Komunitas Penyandang Disabilitas Minta Bandara NYIA Ramah bagi Difabel
YOGYAKARTA, iNews.id - Penyandang disabilitas DIY berharap fasilitas di New Yogyakarta International Airport atau NYIA, ramah bagi difabel. Terlebih bandara internasional sudah seharusnya dapat diakses semua pihak.
"Bandara NYIA kami harapkan bisa terintegrasi dengan kebutuhan disabilitas," kata Ketua Perkumpulan Penyandang Disabilitas Indonesia (PPDI) DIY, Ujang Kamaludin usai bertemu dengan Gubernur DIY, Sri Sultan Hamengku Buwono X di kepatihan, Yogyakarta, Senin (16/7/2018).
Menurutnya, fasilitas di NYIA diharapkan bisa dipakai umum dan difabel. Dia menjelaskan sebagai contoh bagi tuna rungu ketika ada panggilan juga ada running text, atau voice penerbangan bagi yang tuna netra. Termasuk berbagai fasilitas seperti kursi roda dan toilet.
“Selama ini penyandang disabilitas belum pernah ikut diajak membahas pembangunan dan akses bandara. Kami sampaikan ide gagasan dan harapan agar fasilitas yang ada lebih ramah difabel,” ujarnya.
Ujang juga minta ada penelitian terkait keberadaan penyandang disabilitas di dalam dunia usaha dan industri, termasuk identifikasi potensi disabilitas. Hal ini penting agar mereka bisa diberikan pelatihan supaya bisa mandiri dan produktif. Menurutnya, potensi difabel di DIY cukup besar jika bisa membangun usaha dan perekonomian daerah.
"Data Jamkesus ada 31.000 penyandang disabilitas. Sementara dari data Dinas Sosial dan penyandang masalah kesejahteraan sosial (PMKS) 26.000," katanya.
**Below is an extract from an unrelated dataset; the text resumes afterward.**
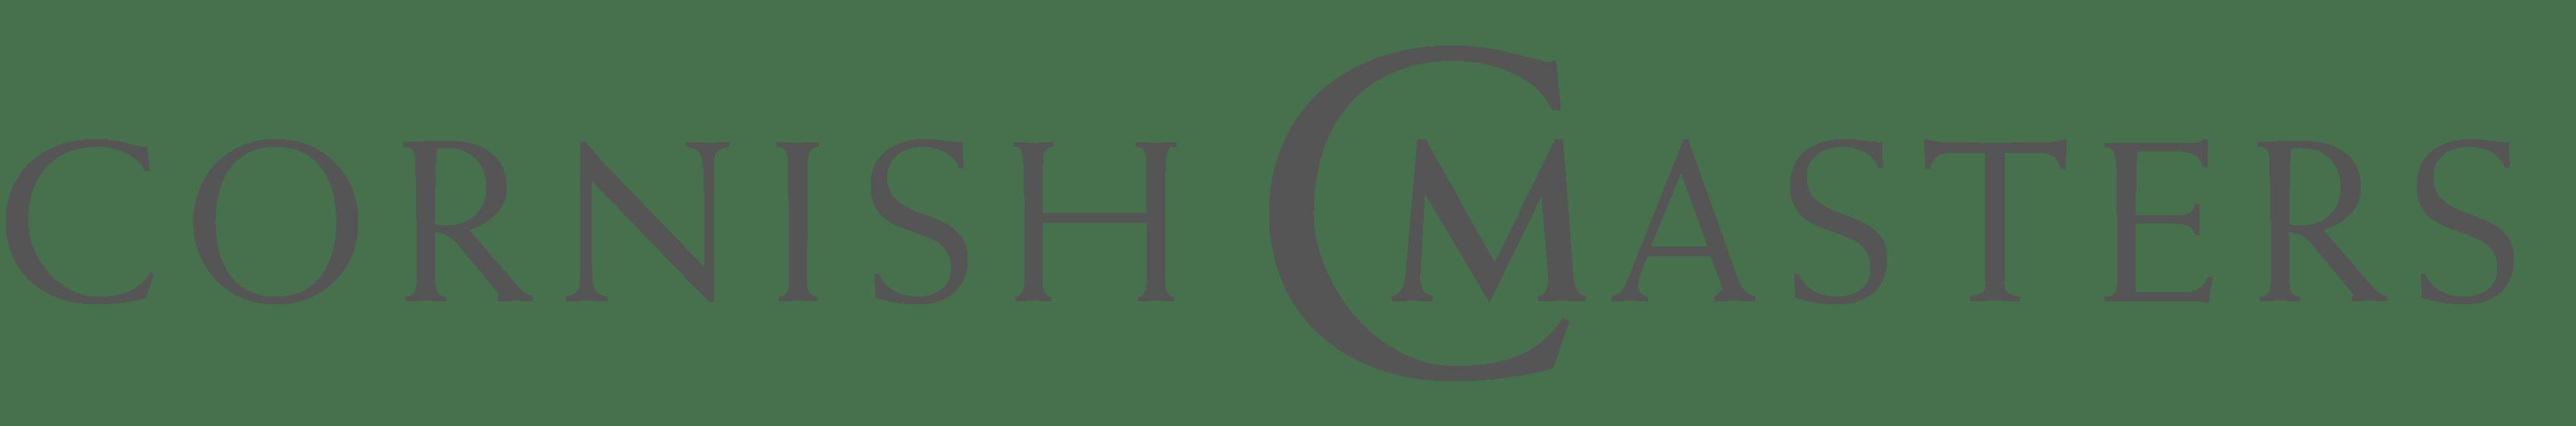 Cornish Masters company logo

Wakil Ketua PPDI DIY Bambang Susilo juga menambahkan, beberapa fasilitas yang masih kurang ketika pemerintah melakukan pembangunan seperti jalan trotoar kuning untuk tunanetra. Menurutnya ada beberapa yang terhalang pohon, pot dan tempat parkir sehingga menghambat akses jalan difabel. "Kami ingin agar bisa dilibatkan dalam perencanaan pembangunan," kata Susilo.